Сейчас гостиная выглядела уныло пустой с одиноко стоящим посреди комнаты креслом-качалкой. На каминной полке теснились вазы и кубки, которые Марино регулярно получал за победы в соревнованиях по боулингу, но единственной приличной вещью так и остался телевизор с большим экраном. Пройдя за хозяином в кухню, я увидела грязную плиту, переполненное мусорное ведро и раковину с небрежно сваленными в нее тарелками. Пока Марино набирал номер, я взяла губку и принялась за уборку.

— Ты вовсе не обязана это делать, — прошептал он.

— Кто-то же должен.

— Да, Марино, — громко сказал он в трубку. — Что случилось?

Некоторое время он внимательно слушал, и я видела, как темнеет его напряженное лицо и сдвигаются к переносице брови. Почистив плиту, я перешла к тарелкам. Их было много.

— Проверили как следует? — спросил Марино. — Да? Вот даже как? И на этот раз все было так же? Да, да. Никто не помнит. В этом хреновом мире полно людей, которые ни хрена ничего не помнят. И конечно, они ничего не видели, так?

Я аккуратно ополоснула стаканы и поставила их на полотенце, чтобы просохли.

— Согласен, вопрос с багажом требует дополнительной проверки, — продолжал Марино.

В бутылке с моющим средством уже ничего не осталось, и мне пришлось воспользоваться высохшим кусочком мыла, обнаружившимся под раковиной.

— Раз уж вы там, — говорил Марино, — то постарайтесь выяснить, что за белый вертолет летал в районе фермы Спаркса. — Он помолчал, потом добавил: — Может быть, раньше и определенно позднее, потому что я видел его своими глазами, когда был на месте.

Марино снова замолчал, а когда я уже перешла к вилкам и ложкам, вдруг сказал:

— Ладно. И пока я не положил трубку, не хочешь ли поздороваться со своей тетей?

Я посмотрела на него.

— Здесь.

Он протянул мне трубку.

— Тетя Кей?

Люси, похоже, была удивлена не меньше, чем я.

— Что ты делаешь в доме Марино? — спросила она.

— Убираюсь.

— Что?

— У тебя все в порядке? — спросила я.

— Марино введет тебя в курс дела. Насчет вертолета я проверю. Должен же он был где-то заправляться. Попробую узнать кое-что в Лизберге, но шансов мало. Ладно, мне надо идти.

Я повесила трубку и вдруг почувствовала, что меня переполняет злость.

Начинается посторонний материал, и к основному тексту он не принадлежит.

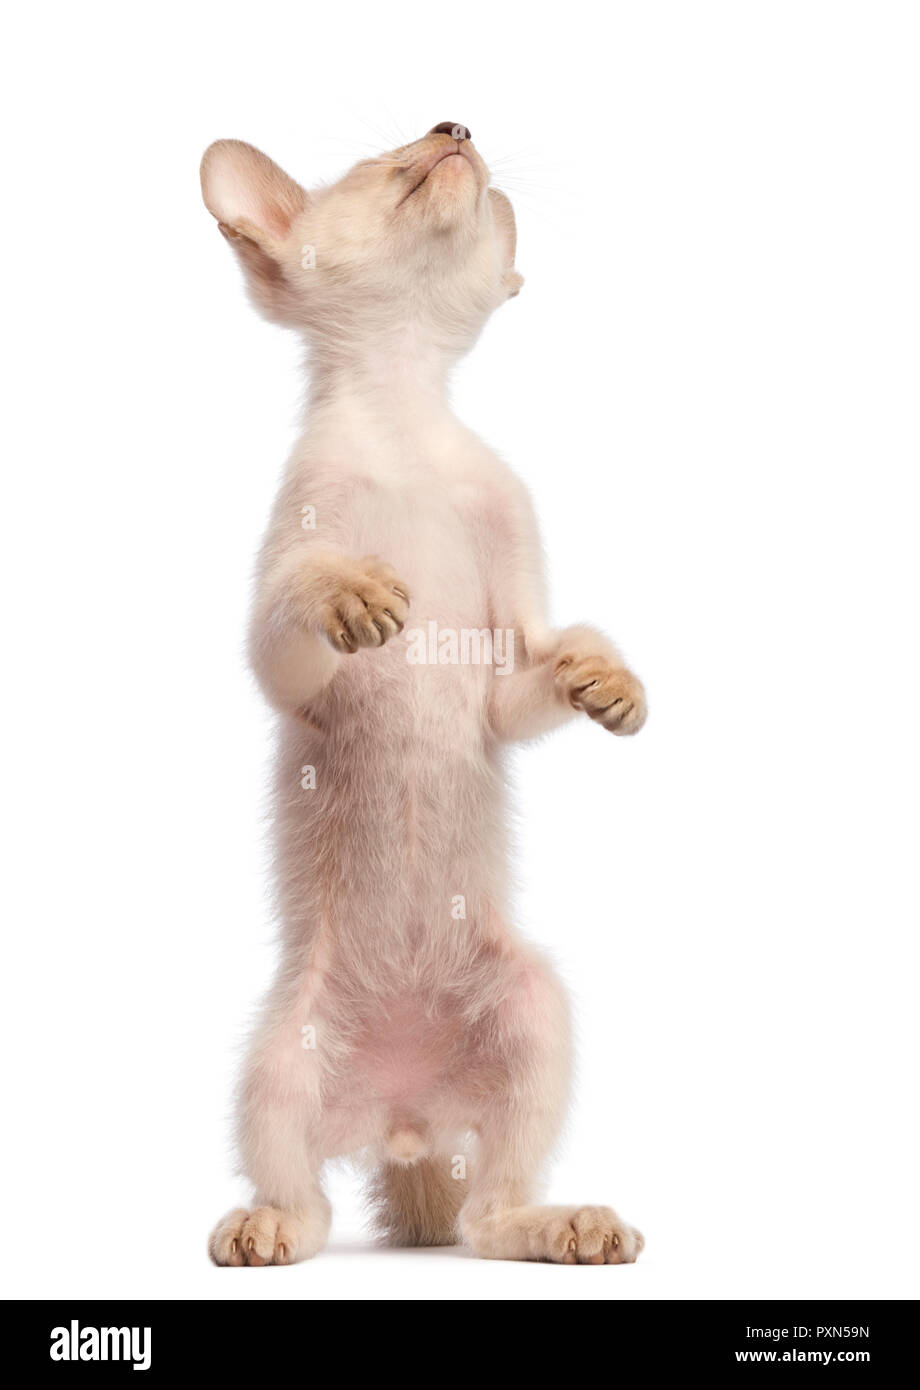 Oriental Shorthair kitten, 9 weeks old, standing on hind legs and looking up against white background Stock Photo

— Похоже, док, у Спаркса большие проблемы.

— Что случилось?

— Как выясняется, за день до пожара, в пятницу, он появился в Даллесе и зарегистрировался на рейс в девять тридцать вечера. Сдал багаж, но в Лондоне его так и не получил. Спаркс мог сдать багаж, отдать билет у выхода на посадку, а потом развернуться и уйти из аэровокзала.

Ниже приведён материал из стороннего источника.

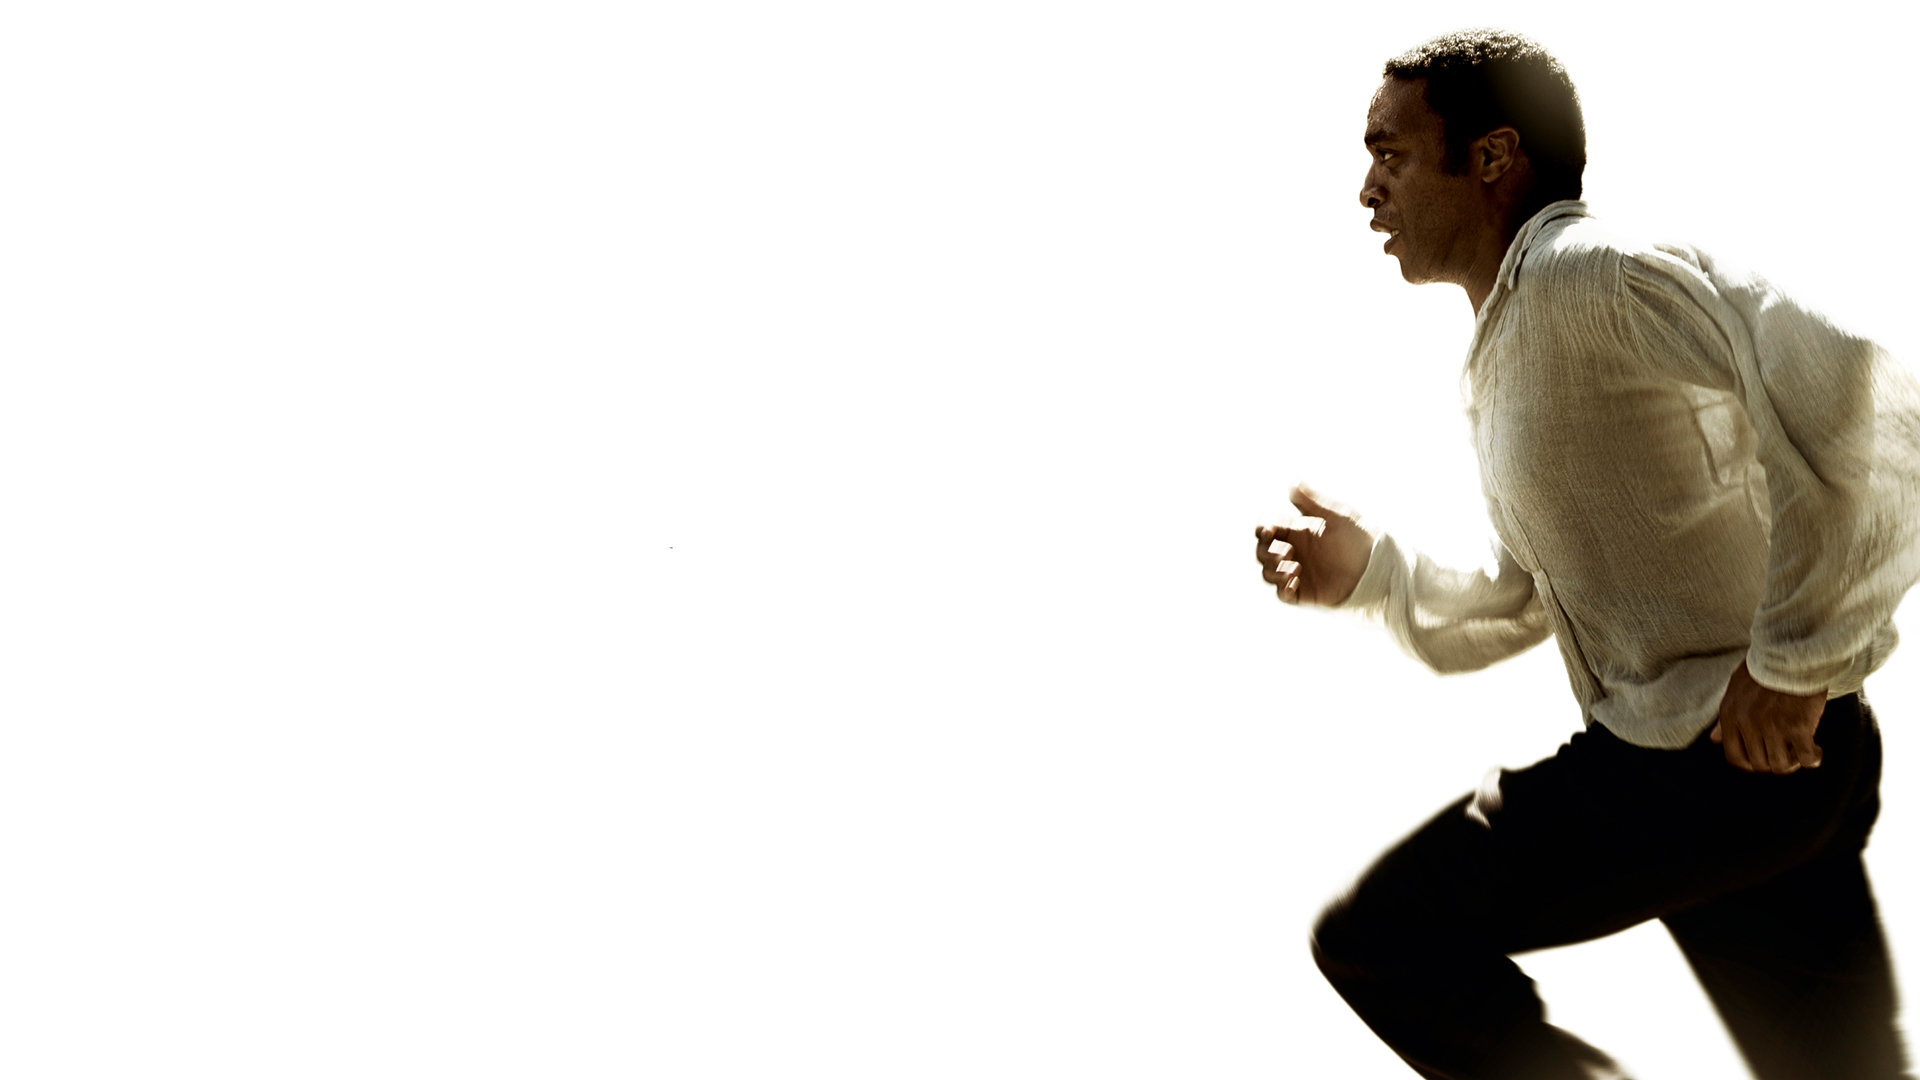 Best 12 Years A Slave wallpaper ID:234830 for High Resolution hd 1920x1080 computer

— На международных рейсах пассажиров считают по головам, — возразила я. — Его отсутствие на борту не осталось бы незамеченным.

— Может быть. Но такой парень, как Спаркс, не стал бы тем, кем стал, если бы не был хитер.

— Марино...

— Подожди. Дай мне закончить. Спаркс утверждает, что ребята из службы безопасности уже ожидали его в Хитроу в момент прибытия рейса в Англию в девять сорок пять на следующее утро, то есть в субботу. Речь идет об английском времени, у нас это четыре сорок пять утра. Ему сообщают о пожаре, он садится в самолет и возвращается в Вашингтон, так и не потрудившись захватить багаж.

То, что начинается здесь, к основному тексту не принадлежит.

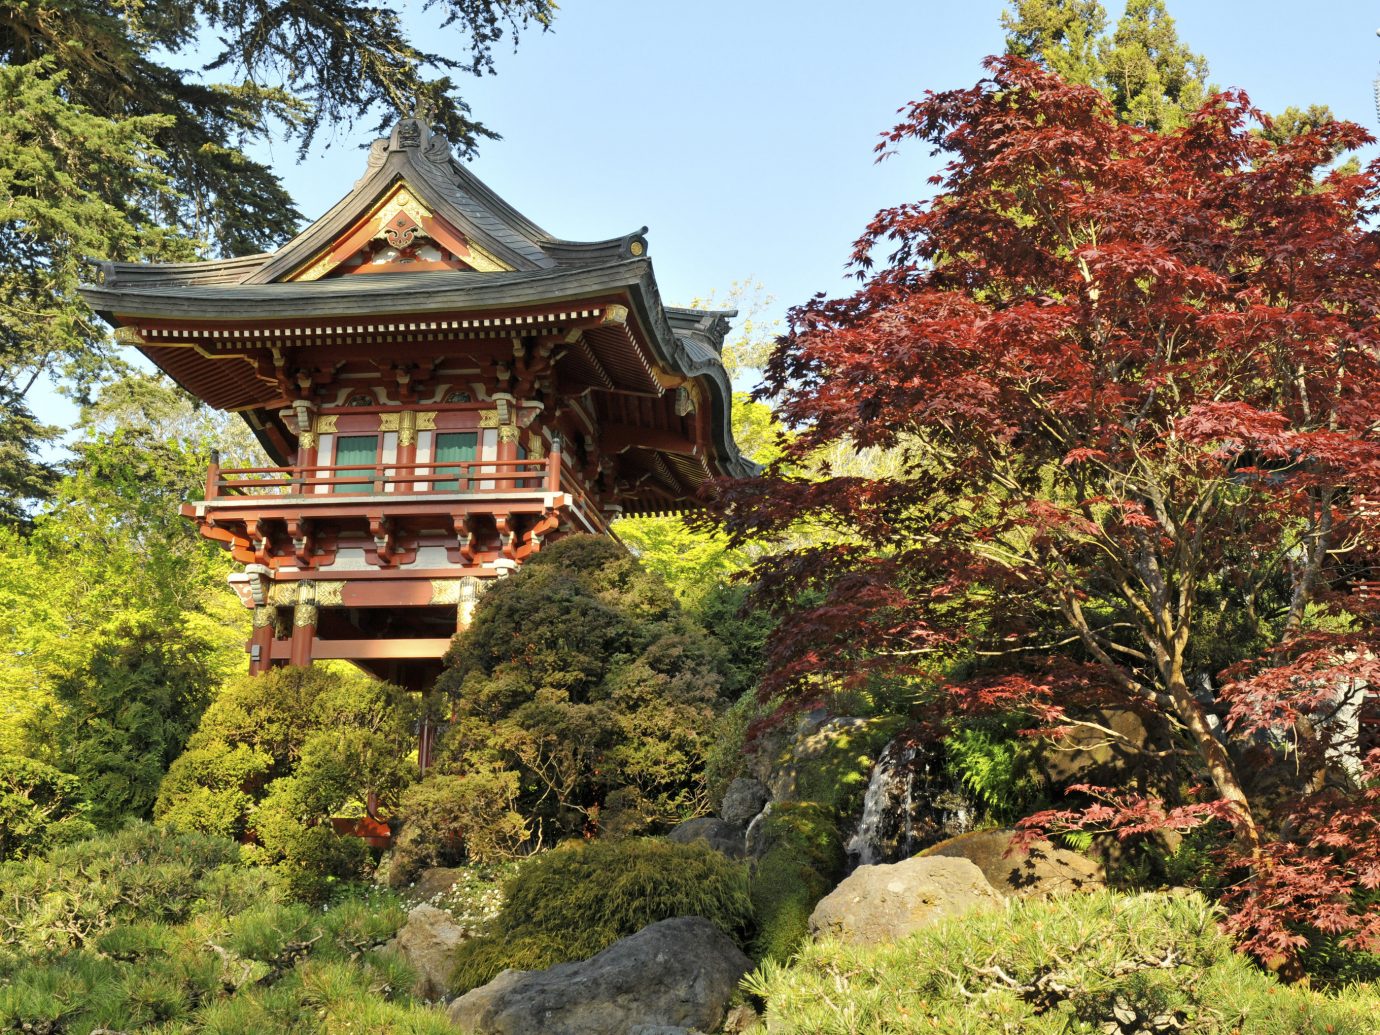 Beauty Health + Wellness Japan Kyoto San Francisco Travel Tips chinese architecture Nature leaf tree plant autumn Garden pagoda botanical garden tourist attraction house landscape shinto shrine temple outdoor structure estate shrub landscaping grass

— Думаю, ты на его месте тоже мог бы расстроиться и забыть о вещах.

Марино пристально посмотрел на меня. Я положила обмылок на раковину и вытерла руки.

— Док, тебе надо прекратить защищать его.

— Я и не защищаю. Просто стараюсь быть более объективной, чем некоторые. И конечно, сотрудники службы безопасности в Хитроу должны помнить, что видели Спаркса, не так ли?

— Пока что мы этого не знаем. И вообще трудно представить, как они там успели прознать о пожаре. Понятно, что у Спаркса на все найдется объяснение. Он может, например, сказать, что всегда уведомляет службу безопасности аэропорта о своем прибытии и его каждый раз встречают прямо у трапа. Очевидно, что известие о пожаре уже попало в утренний выпуск новостей и бизнесмен, с которым он должен был встретиться, позвонил в аэропорт и попросил поставить Спаркса в известность о случившемся.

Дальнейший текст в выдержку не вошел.